Слуга отправился за разрешением. Кто станет так хлопотать за другого? Особенно трудно ожидать подобного поступка от Пирбакша, мусульманина — слуги сахиба: он никогда не помогал другому в беде. Мусульмане, слуги англичан, самые низкие люди на земле, но сейчас Пирбакш действовал в своих собственных интересах: он хотел накормить женщину, чтобы потом отвести ее к себе.

Слуга пошел за разрешением к сахибу, а Шойболини осталась стоять около лодки Протапа. Лицо ее закрывало покрывало.

Красота всех покоряет. А если ее обладательница — молодая женщина, то внешность становится верным ее оружием. Амиат тоже заметил, что женщина необычайно красива, и, услышав, что она сумасшедшая, пожалел несчастную. Через джамадара[111] он распорядился снять с пленного наручники и пропустить женщину в лодку.

Слуга-мусульманин принес лампу, и стражник снял с Протапа наручники. Затем Протап взял у слуги лампу и пошел в каюту якобы за рисом. На самом деле он решил бежать. Пирбакш остался ждать на берегу.
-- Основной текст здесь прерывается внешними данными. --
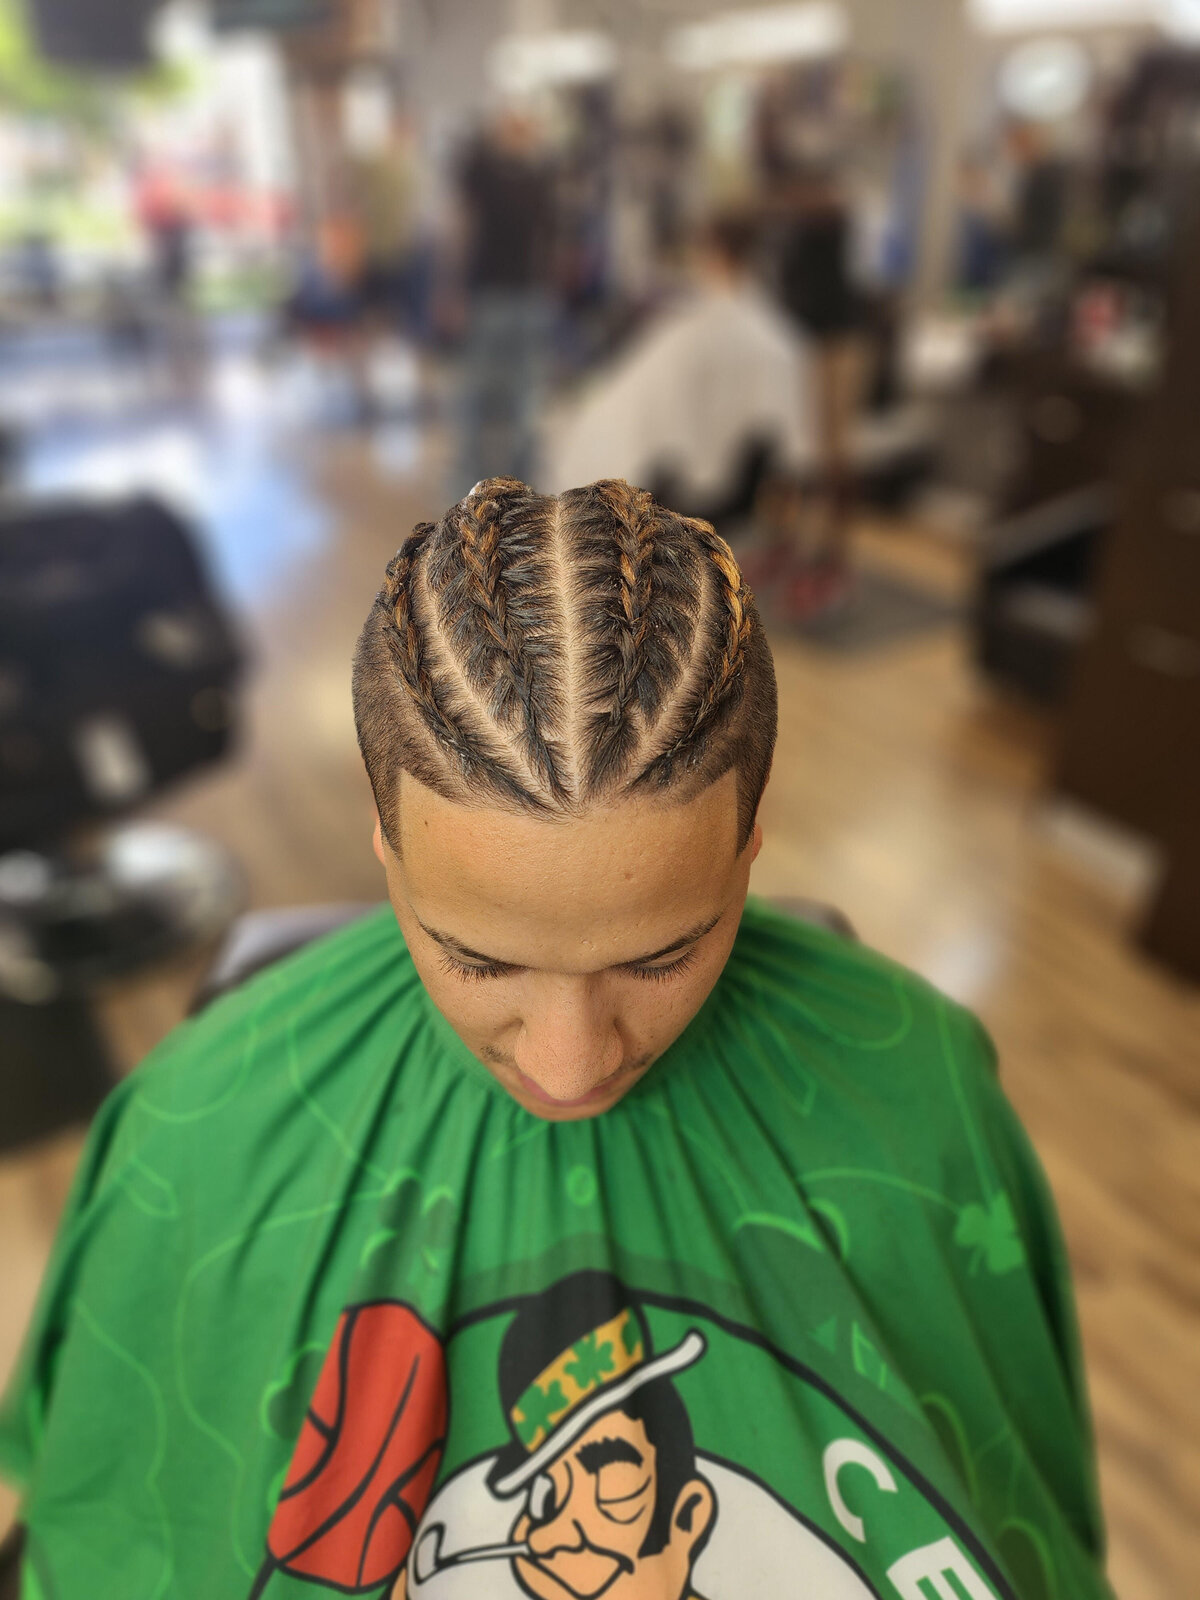 Whos Your Barber - Braid for Kids in Venice Florida

Шойболини последовала за Протапом и тоже вошла в каюту. Стражники стояли снаружи и не могли видеть того, что происходило внутри. Шойболини приблизилась к мужчине и открыла лицо.

Когда Протап оправился от удивления, то увидел, что Шойболини кусает губы, но лицо ее сияет от радости и в то же время полно отчаянной решимости. «Да, это тигрица, достойная тигра!» — подумал он.

Шойболини тихо шепнула:

— Брось рис и вымой руки... Не за рисом же я сюда пришла! — Скорей беги! Там, у излучины реки, тебя ждет лодка.

* * *

Протап ответил тоже шепотом:

— Сначала иди ты, иначе попадешь в беду.

— Сейчас же беги! — настаивала Шойболини. — Когда тебе наденут наручники, будет поздно! Прыгай в воду, не медли! Послушайся меня хоть раз! Я притворилась сумасшедшей, и они не удивятся, когда я брошусь в реку. Если ты хочешь, чтобы я спаслась, прыгай! — Сказав это, Шойболини громко захохотала и крикнула:

— Я не буду есть рис! — Потом она заплакала и, поднявшись на палубу, сказала стражнику: — Я приняла рис из рук мусульманина! Я потеряла касту! Мать Ганга, возьми меня! — С этими словами Шойболини бросилась в воду.

— Что случилось?! — закричал Протап, выбегая следом за ней на палубу.

Вооруженный стражник попытался преградить ему путь.

— Негодяй! — крикнул Протап. — Женщина тонет, а ты стоишь и смотришь?! Он ударил стражника ногой, и тот плюхнулся в воду. — Спасайте женщину! — снова крикнул Протап и бросился в реку.

Шойболини плавала хорошо и теперь была уже далеко. Протап поплыл за ней.

— Пленный убежал! — воскликнул второй стражник и вскинул ружье, целясь в Протапа.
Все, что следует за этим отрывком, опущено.